The state of Indiana is home to two major professional sport franchises, and a number of college sports teams. Indiana is also prominent in auto racing.

==Professional sports teams==

Indiana has a rich basketball heritage that reaches back to the formative years of the sport itself. Although Canadian educator and inventor James Naismith developed basketball in Springfield, Massachusetts, in 1891, Indiana is where high school basketball was born. In 1925, Naismith visited an Indiana basketball state finals game along with 15,000 screaming fans and later wrote "Basketball really had its origin in Indiana, which remains the center of the sport." The 1986 film Hoosiers is inspired by the story of the 1954 Indiana state champions Milan High School.
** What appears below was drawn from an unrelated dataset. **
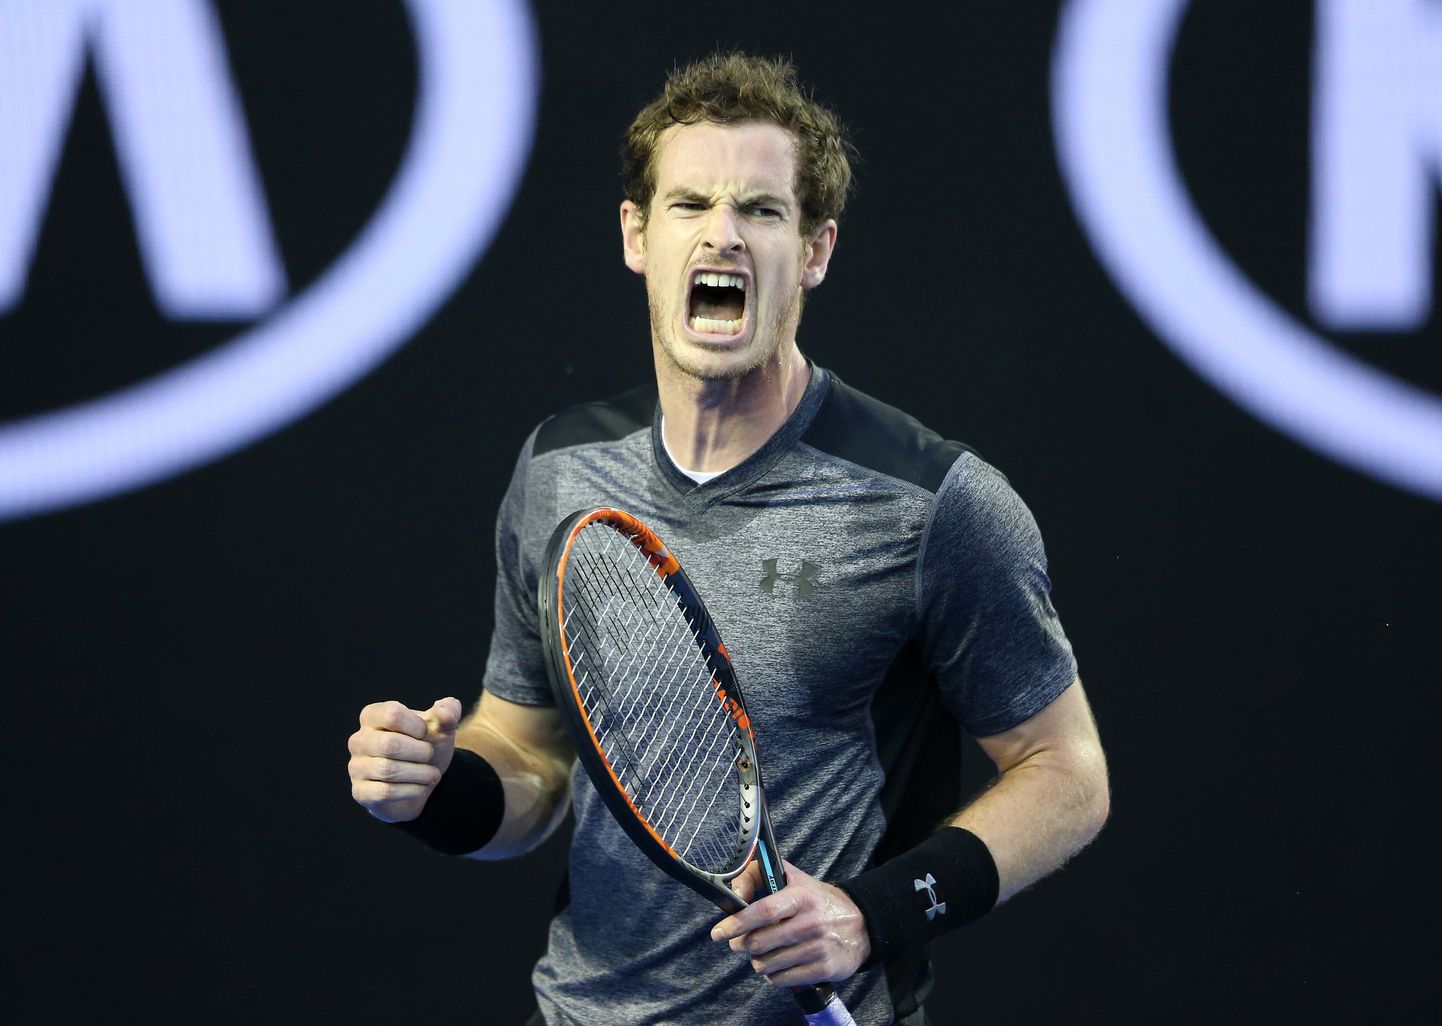 (160125) -- MELBOURNE, Jan. 25, 2016 (Xinhua) -- Andy Murray of Great Britain reacts during the men's singles 4th round match against Bernard Tomic of Australia at the Australian Open Tennis Championships in Melbourne, Australia, on Jan. 25, 2016. (Xinhua/Bi Mingming) (Photo by Xinhua/Sipa USA)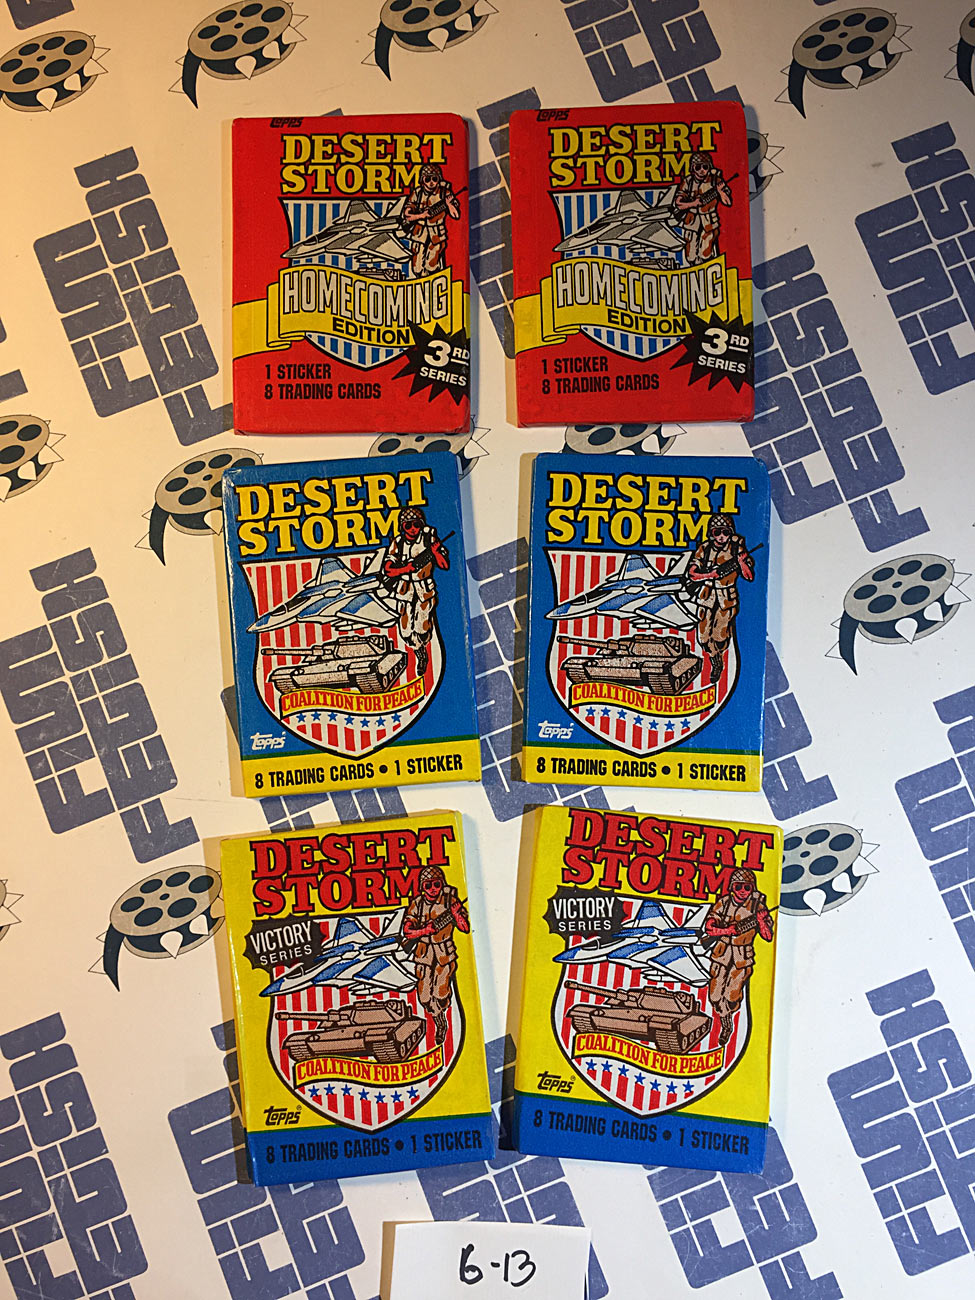 Set of 6 Sealed Topps Desert Storm Trading Card Wax Packs, Homecoming, Coalition For Peace, Victory Series [613]

As of 2013 Indiana has produced more National Basketball Association (NBA) players per capita than any other state. Muncie has produced the most per capita of any American city, with two other Indiana cities in the top ten. Professional basketball player Larry Bird was born in West Baden Springs and was raised in French Lick. He went on to lead the Boston Celtics to the NBA championship in 1981, 1984, and 1986.

The Indiana Pacers of the NBA play their home games at Gainbridge Fieldhouse; they began play in 1967 in the American Basketball Association (ABA) and joined the NBA when the leagues merged in 1976.

Indianapolis is home to the Indianapolis Colts. The Colts are members of the South Division of the American Football Conference. The Colts have roots back to 1913 as the Dayton Triangles. They became an official team after moving to Baltimore, MD, in 1953. In 1984, the Colts relocated to Indianapolis, leading to an eventual rivalry with the Baltimore Ravens. After calling the RCA Dome home for 25 years, the Colts currently play their home games at Lucas Oil Stadium in Indianapolis. While in Baltimore, the Colts won the 1970 Super Bowl. In Indianapolis, the Colts won Super Bowl XLI, bringing the franchise total to two. In recent years the Colts have regularly competed in the NFL playoffs.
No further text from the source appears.